The correlation-based receiver is also known as a matched filter receiver and has been used in narrowband communication systems for several decades. A block diagram of a correlation receiver is shown in Fig. 2(b) [5], [6]. In the correlation-based receiver the received signal is first preprocessed by a correlator.



Fig. 3. Simulated BER dependency on timing accuracy.

The correlator consists of a template generator, a mixer and an integrator. The incoming pulse is multiplied by the template waveform and integrated by the integrator. The output from the correlator is a function of how well the incoming waveform matches the template waveform in time and shape. The correlation receiver is a matched filter system, and as such, it can provide the optimum detection SNR if the template waveform exactly matches the time and shape of the incoming waveform.

Fig. 2(c) shows the simulated bit error rate (BER) comparison between the threshold detector and the correlation detector. When the magnitude of the interference or the noise is much larger than the received UWB pulse, threshold-detection based receiver can't operate at all. In contrast, correlation based UWB receiver can still attain superior BER due to the correlation between the received signal and the template of the correlator.

However, correlation-based receivers attain superior noise performance and robust narrowband interference suppression at the expense of increased power consumption and increased circuit complexity over their threshold detection-based counterparts. To achieve the correlation operation, the template of the correlator must be synchronized with the received signal. Conventionally, data synchronization is implemented with tapped delay-lines [5] or digital baseband [7]. To simplify the synchronization circuits and reduce the power consumption of the receiver, a 1.28 mW 100 Mb/s UWB receiver with discrete-time charge-domain correlator and embedded sliding scheme for data synchronization is developed in [3]. In the discrete-time receiver, there will always be a timing mismatch between the incoming signal and the template of the correlator even if the synchronization is achieved. Fig. 3 shows the simulated BER dependency on the timing mismatch. When the timing mismatch is reduced from 500 ps to 62.5 ps,  $E_{\rm b}/N_0$  can be improved by 7.8 dB for the white noise and 5.8 dB for the narrowband interference.

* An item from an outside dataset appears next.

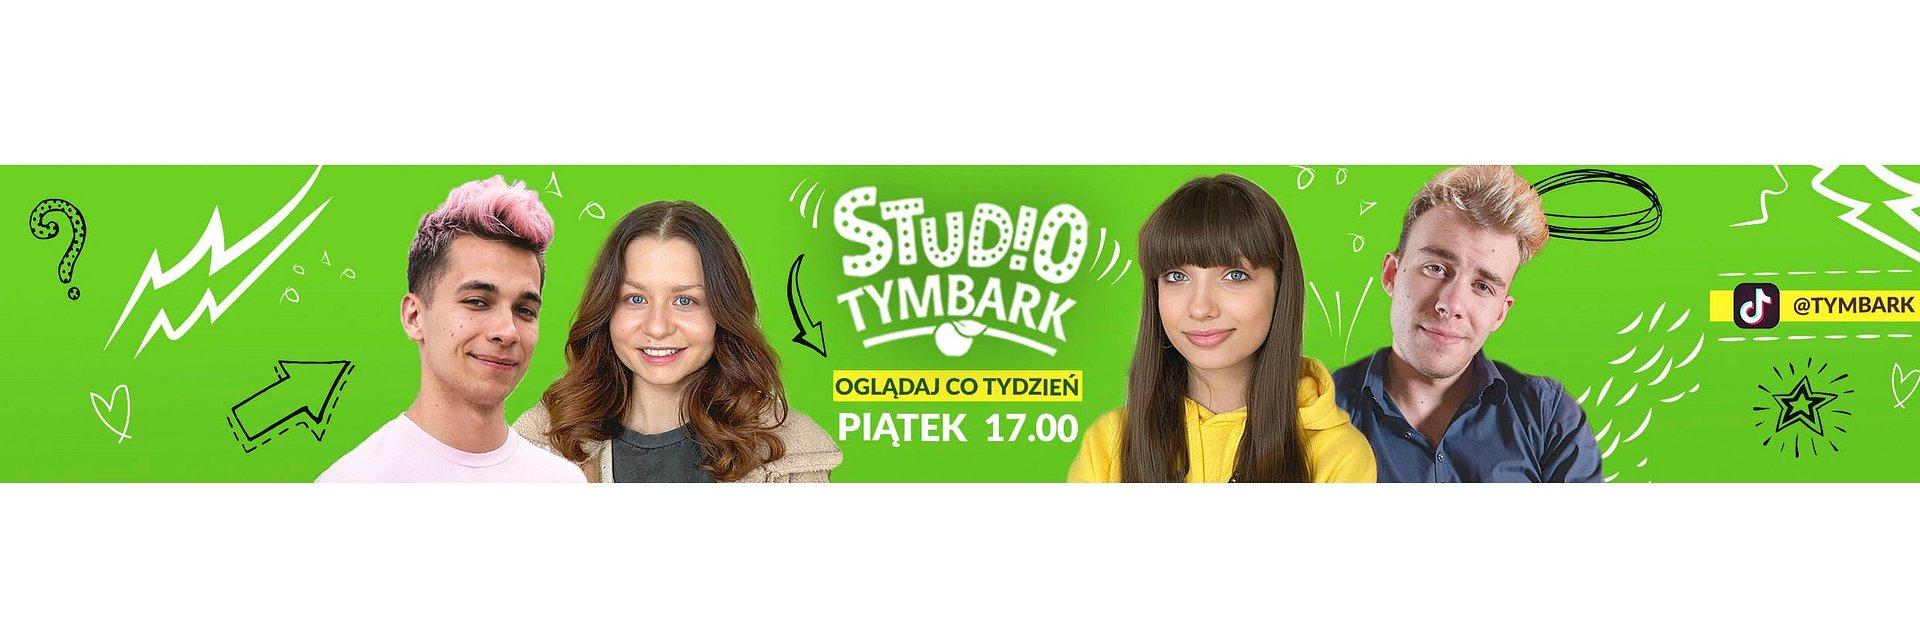 500 tysięcy widzów Studia Tymbark! Rekord wśród kanałów marek w Polsce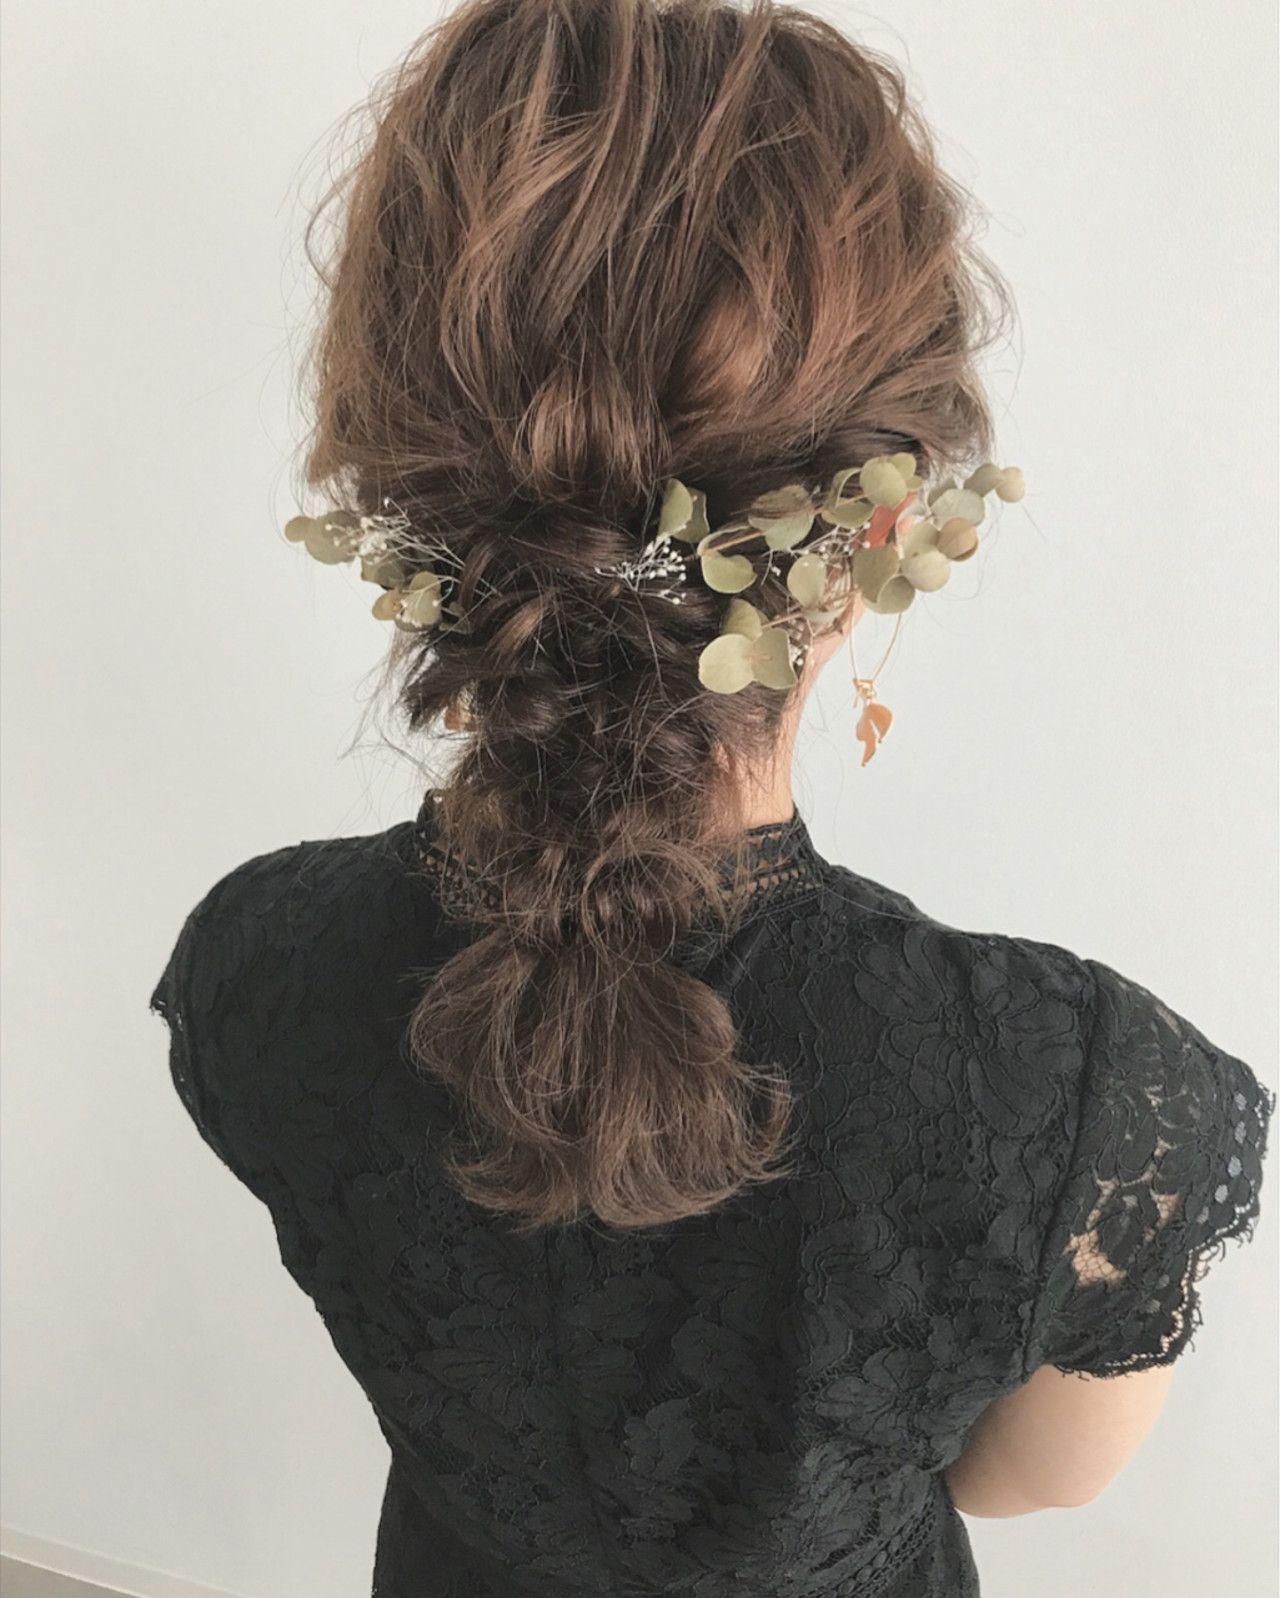 ミディアムヘアが10倍かわいく大変身 垢抜けヘアアレンジ15選 Hair ウェディング ヘアスタイル 結婚式 ヘアスタイル お呼ばれ 花嫁 ヘアスタイル

To achieve 62.5 ps timing mismatch, a 16-GHz PLL clock generator and high resolution comparators are required in the conventional topology [3] and thus the receiver power consumption will be increased by eight times and synchronization time will be increased from 19 periods to 159 periods. This work aims to minimize the power consumption with 2-GHz 8-phase PLL clock generator by a novel auto- and cross-correlation based synchronization scheme [4]. To further reduce the



Fig. 4. (a) Proposed IR-UWB receiver with charge-domain auto- and crosscorrelators for data synchronization. (b) Dependence of auto-correlator output on timing accuracy ( $\Delta T$ ) without antenna effect. (c) Dependence of cross-correlator output on timing accuracy ( $\Delta T$ ) without antenna effect.

power consumption of the capacitance multiplier used in the conventional area-efficient PLL, a dual charge-pump PLL is proposed to scale up the capacitance of the loop filter without extra charge-pump current.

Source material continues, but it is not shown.